Wednesday, December 26, 2018

A New Year of Hope!

With 2018 shrinking in the review mirror, there can be absolutely no doubt that we live in a fallen world, pockmarked by sin in every corner. There are times—seeming to occur more and more often—when hope and the strength to endure get lost in the fear of terrorism, the cruelty of debilitating diseases and addictions, and the wake of destruction left behind by natural disasters. Sometimes, we feel like we just don’t have a prayer…

What can possibly be said to the parents of an infant killed during a tornado outbreak? Or to the wife of the victim of a terrorist? To the person who must helplessly watch cancer slowly steal a loved one's life?

It doesn’t seem fair to us that some are made to suffer and others are not… Though realistically, and sadly, you’d be hard-pressed to find a person alive on this Earth who has not been hurt in some way by sin…

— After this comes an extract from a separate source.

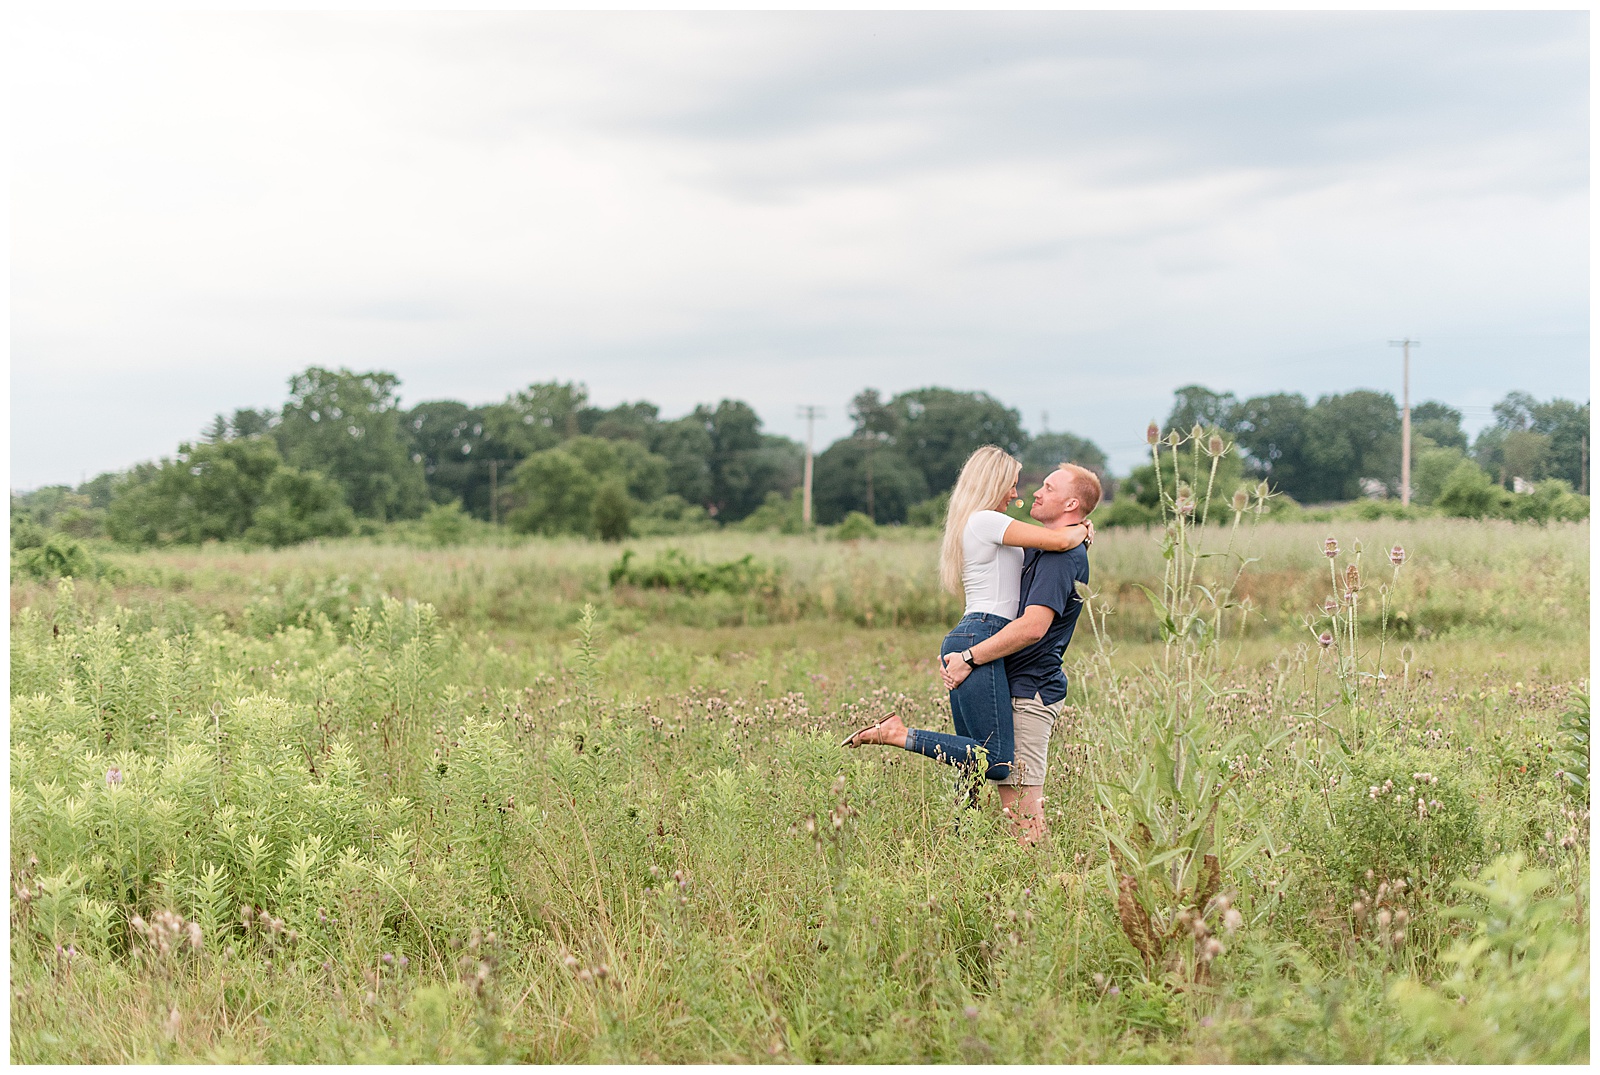 guy lifting girl in middle of tall grass field at Overlook Park, PA

God, who is good and does not make bad thing happens, gave us free will, the freedom to choose. And from the very git-go (see Genesis 3), we humans have been making wrong choices, the consequences of which have been compounding exponentially over the generations; today we live in a society rife with sin (war, crime, pollution, corruption, domestic abuse, infidelity, gender confusion, suicide, terrorism, pornography, destruction of the very planet we live on…the list is growing). Yet even though we often suffer at our own hand, we never suffer alone. We have a God who knows more about suffering and the bad side of our human nature than we will ever experience in a lifetime—that little baby in the manger will not only be subjected to Man’s inhumanity, he will suffer a slow and painful death with the sins of the world upon him. God in Jesus walked among us—and died for us—to save us from ourselves.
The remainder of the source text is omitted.